Give again, word for word, the line holding "Howdy Hot Chicken" and every line after it through the end of the data below. Omit pictures.

____ INFORMATION PROVIDED

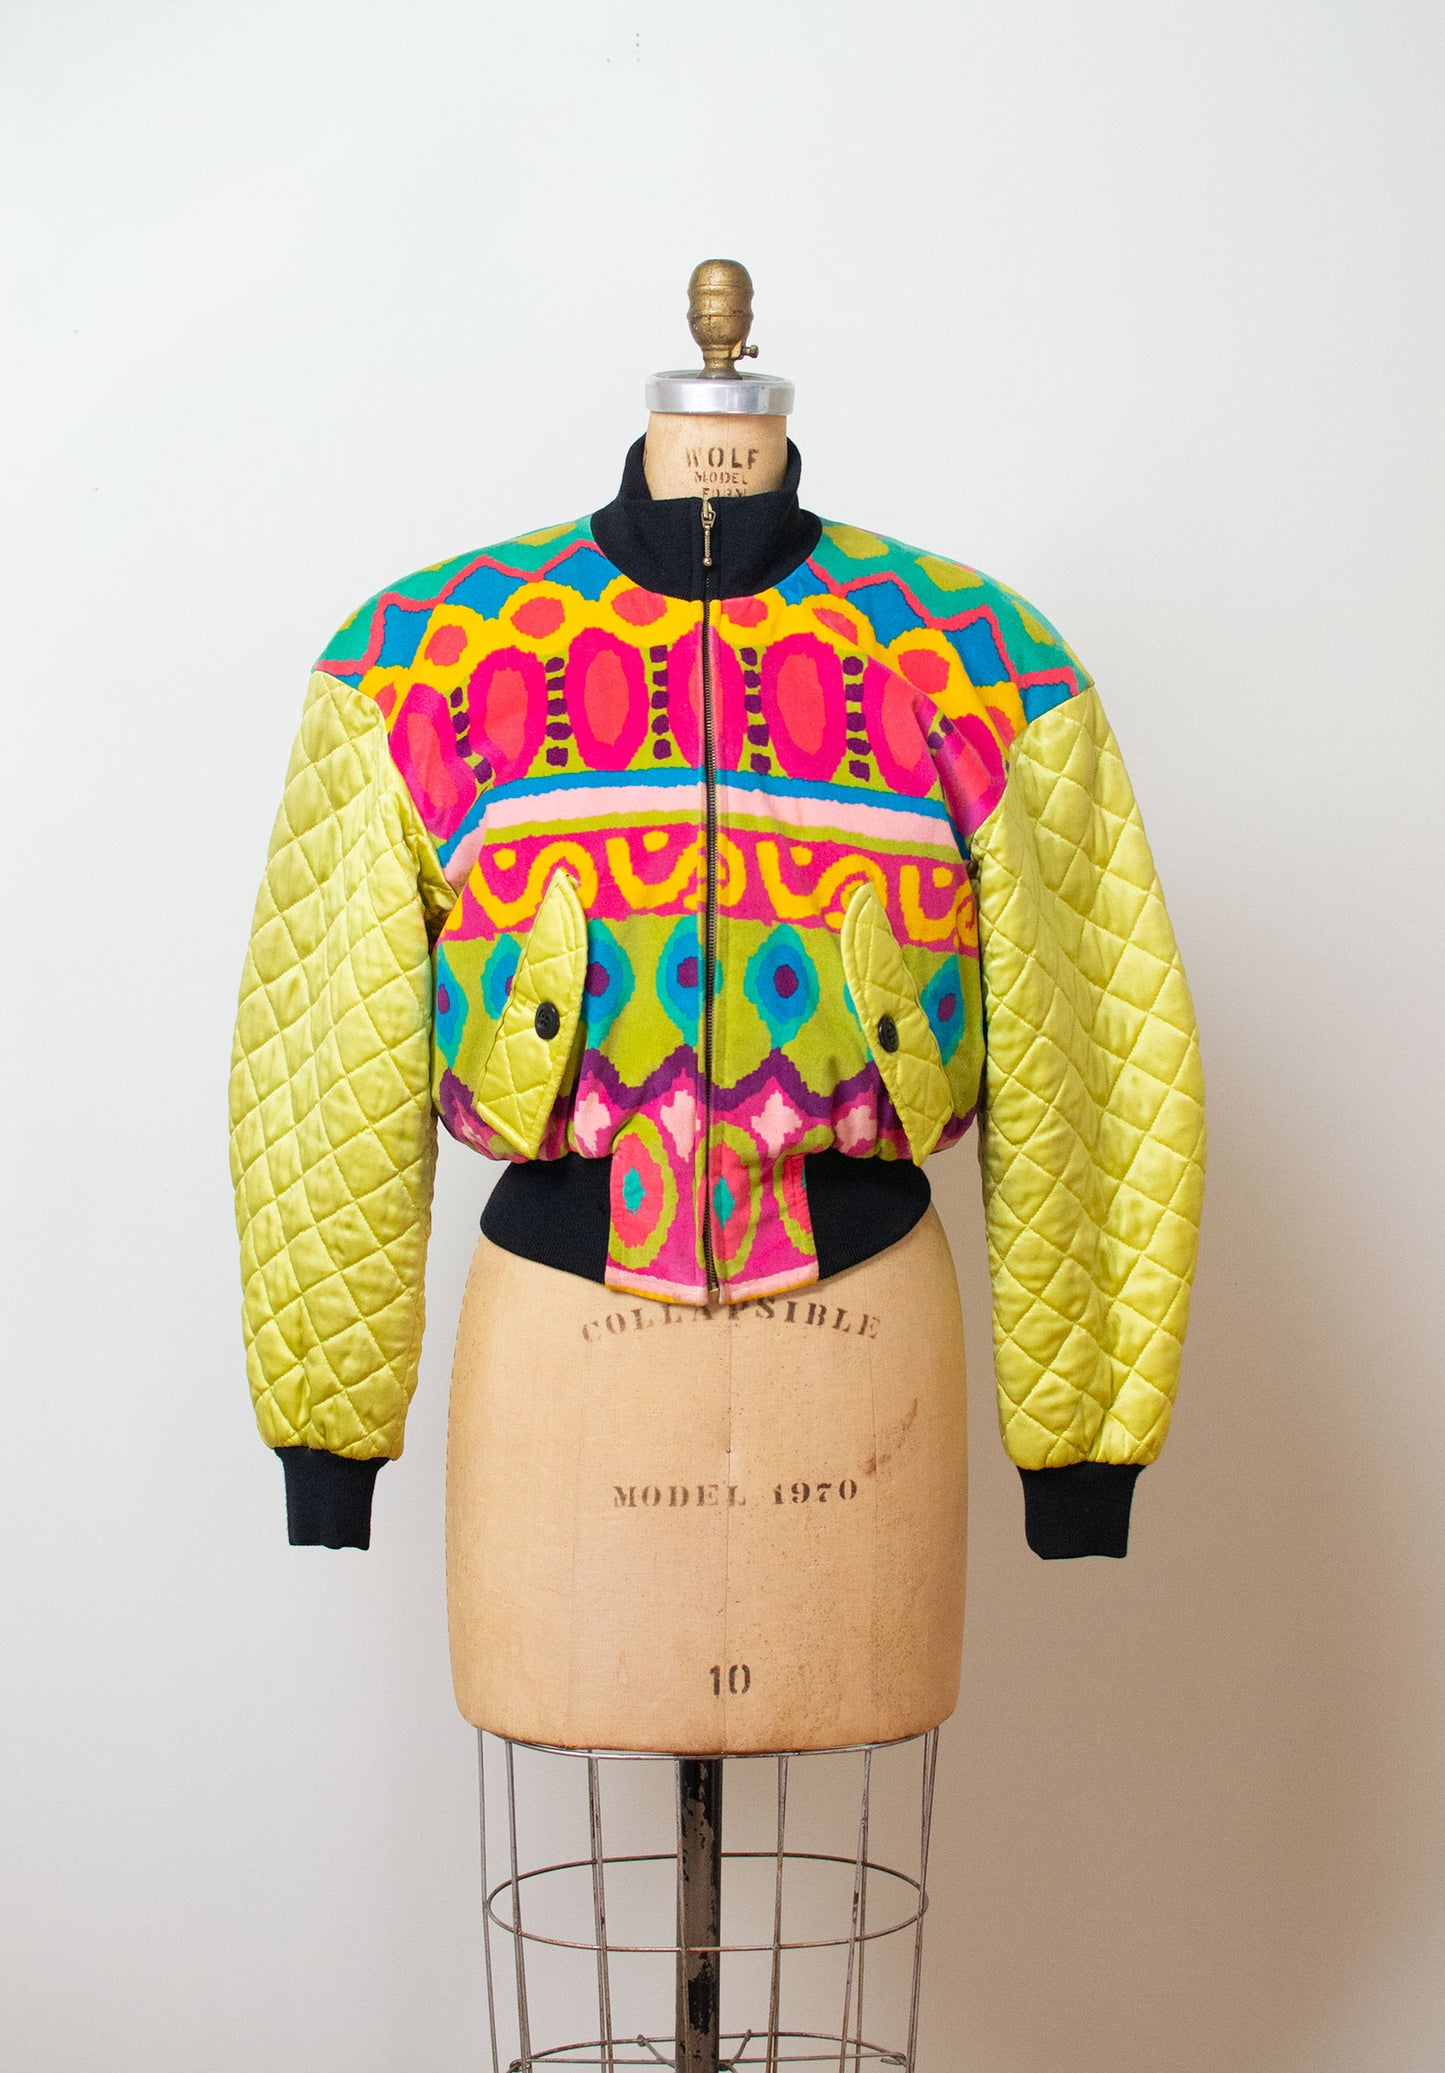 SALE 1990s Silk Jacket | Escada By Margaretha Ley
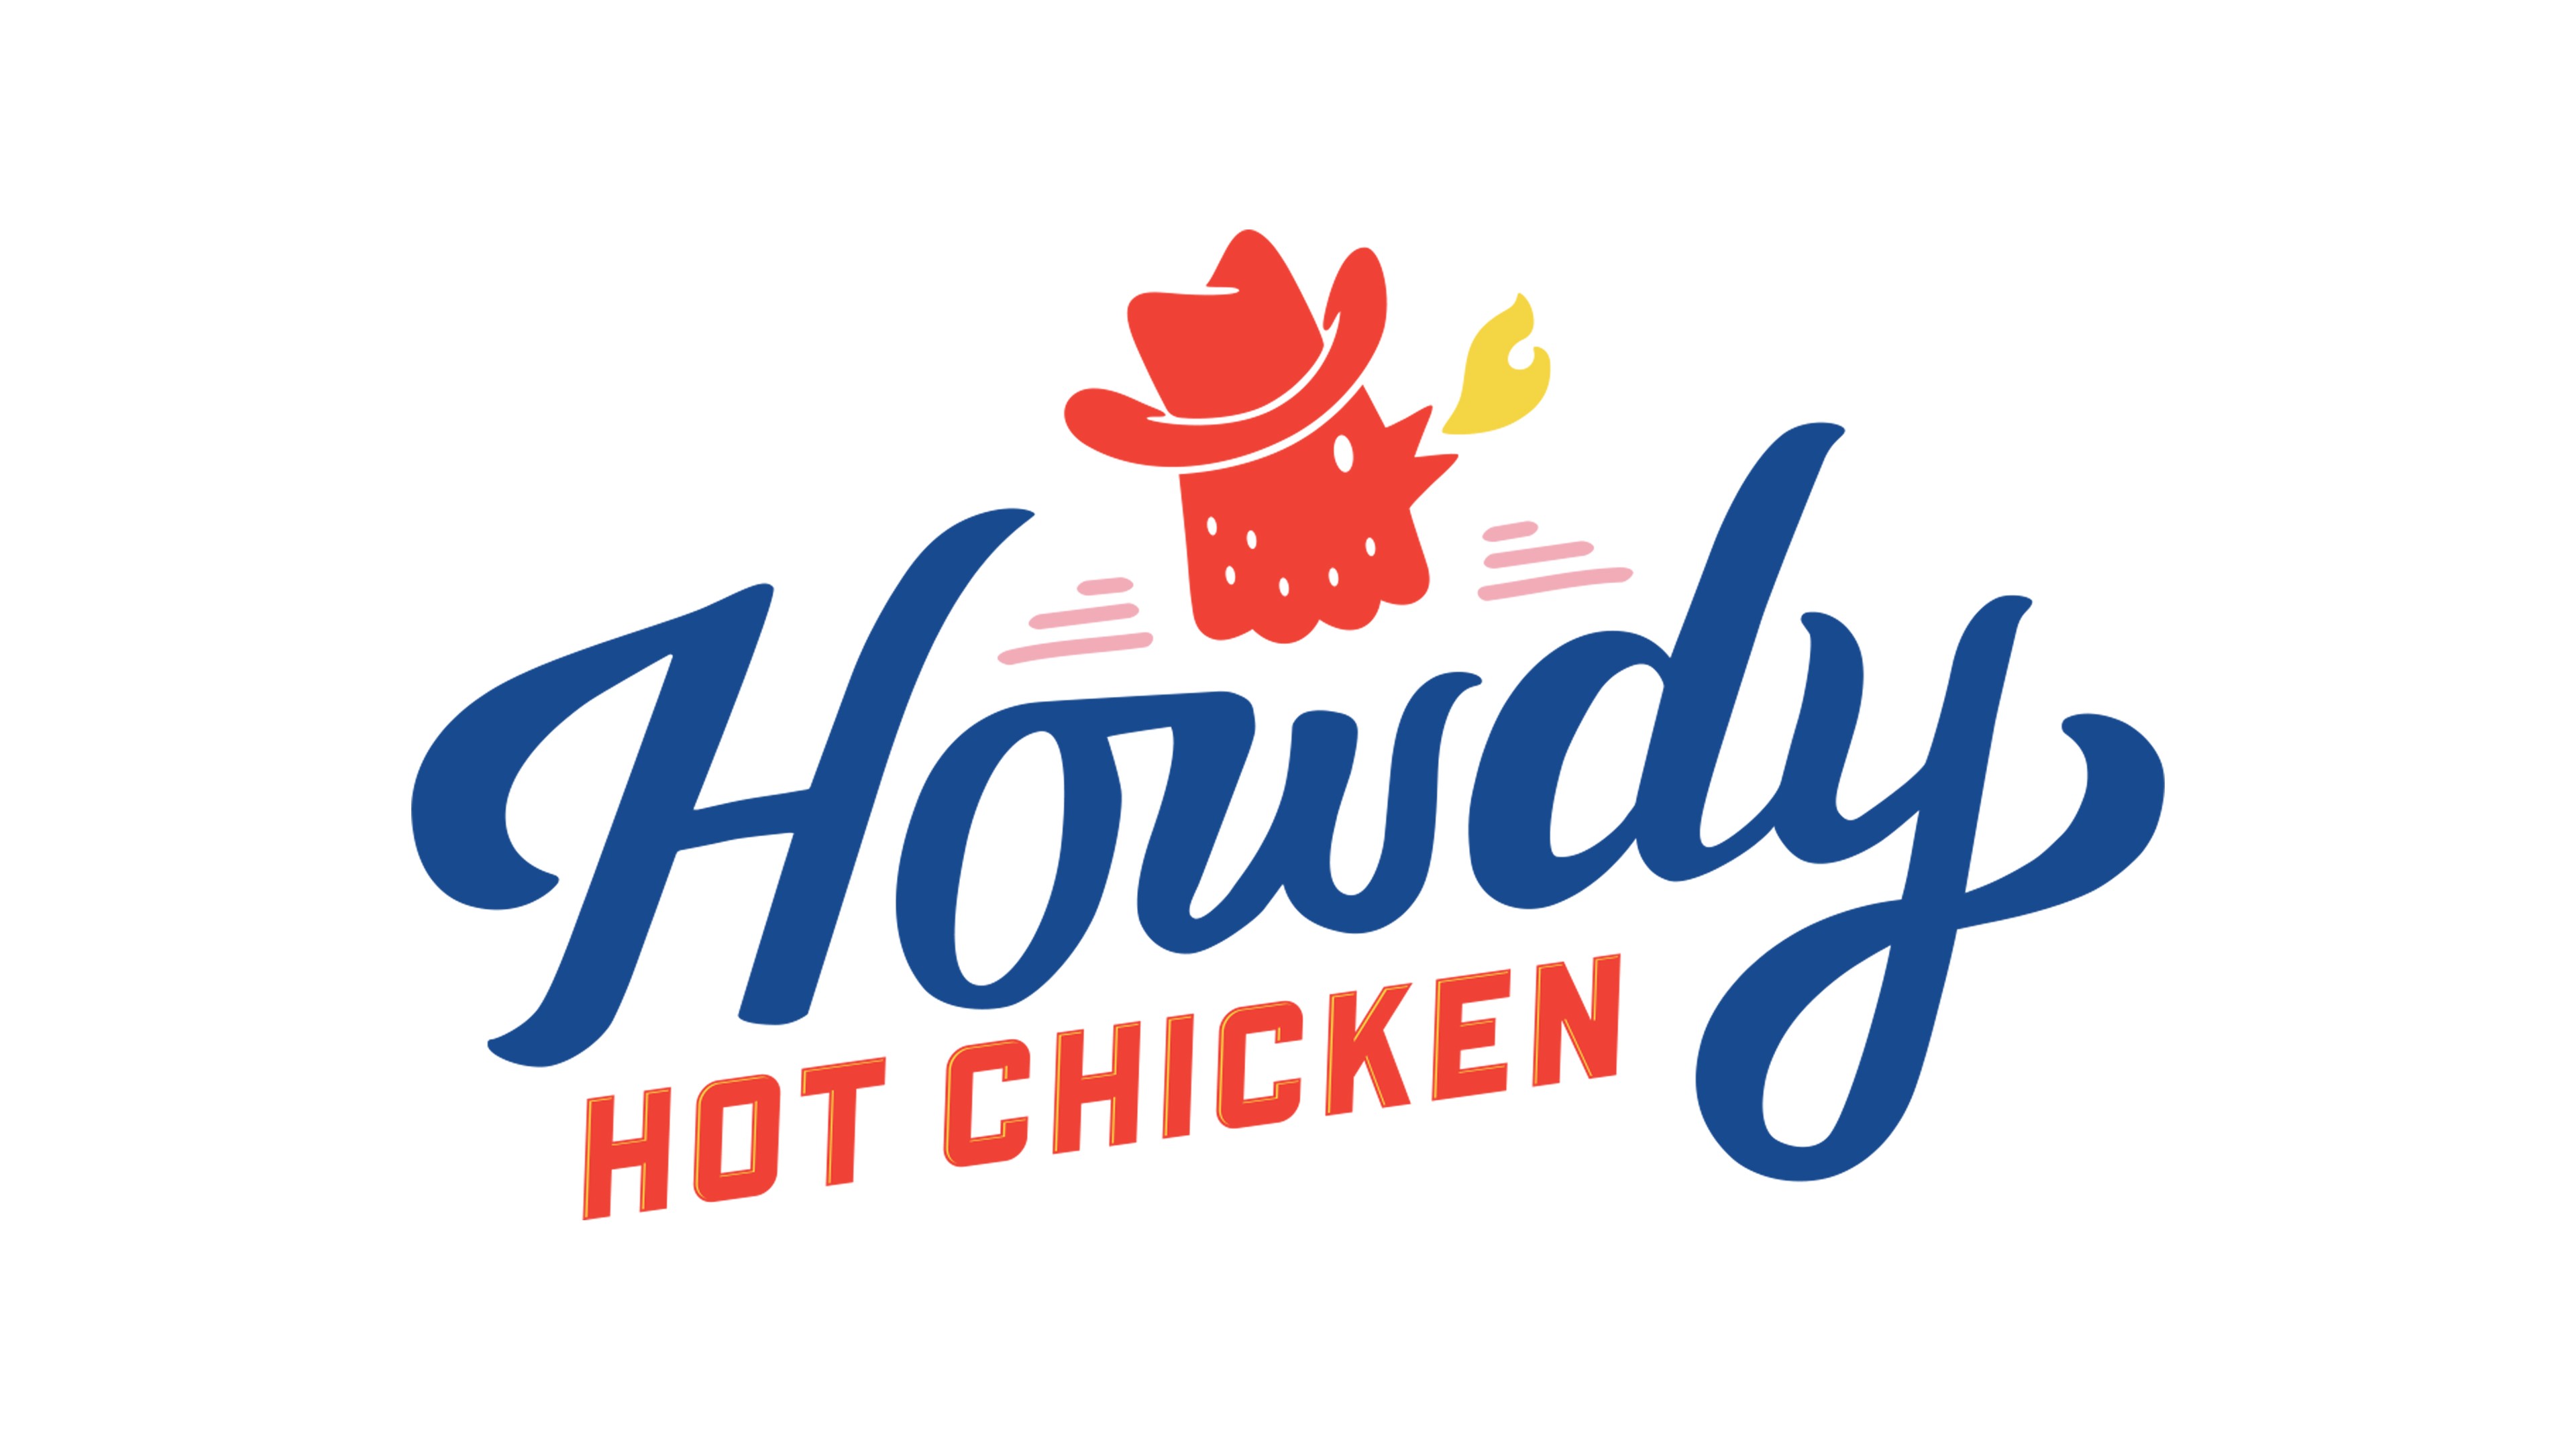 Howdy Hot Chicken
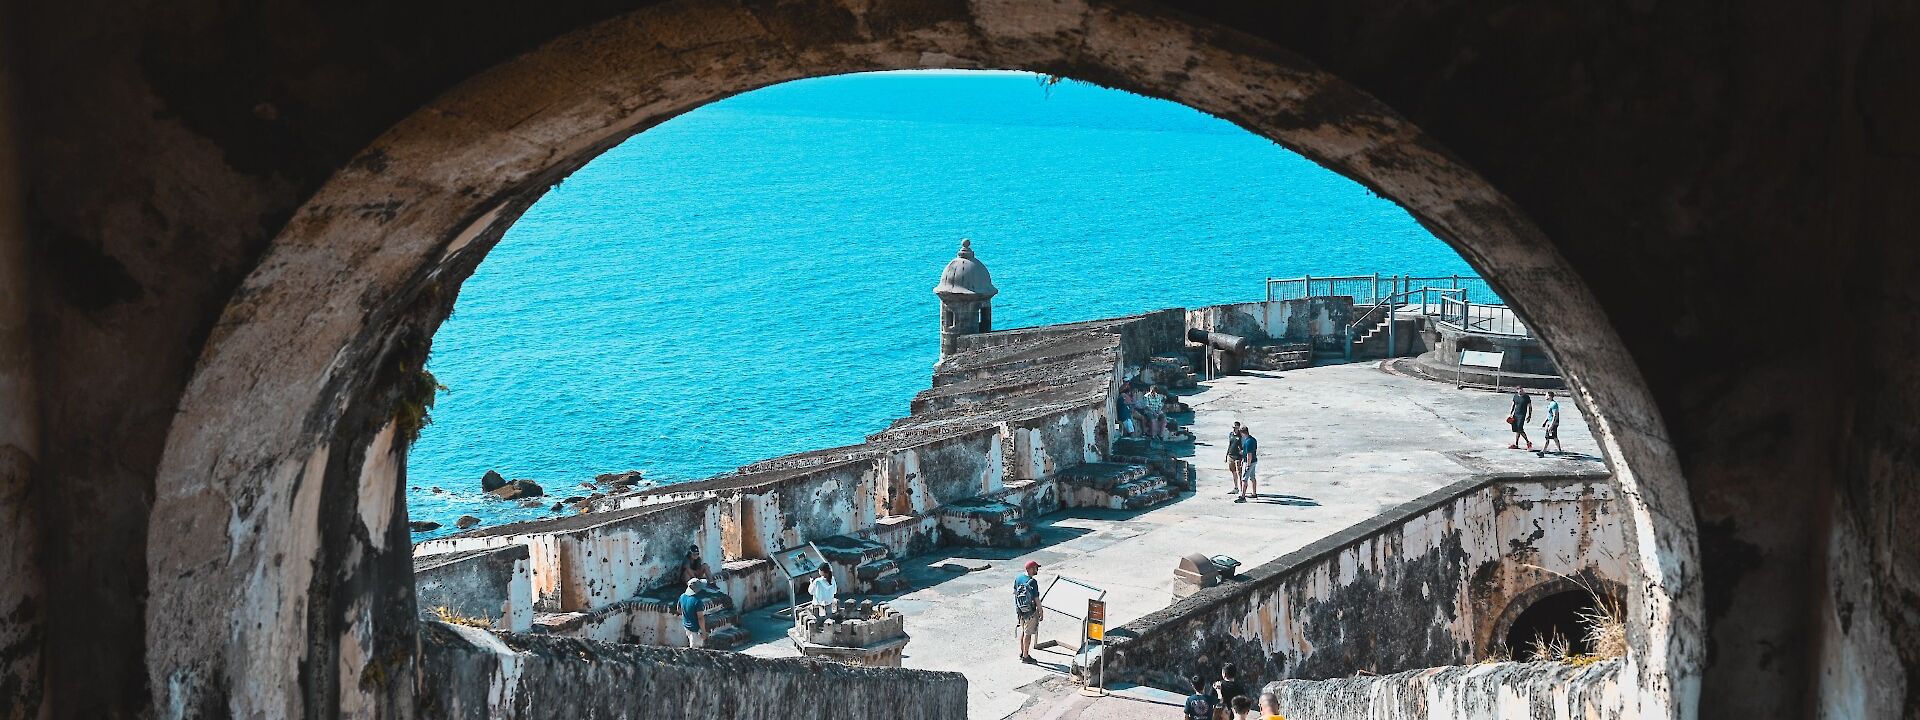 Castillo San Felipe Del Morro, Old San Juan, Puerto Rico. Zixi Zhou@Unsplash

________

§ ANSWER SECTION
 Howdy Hot Chicken
 Castillo San Felipe Del Morro, Old San Juan, Puerto Rico. Zixi Zhou@Unsplash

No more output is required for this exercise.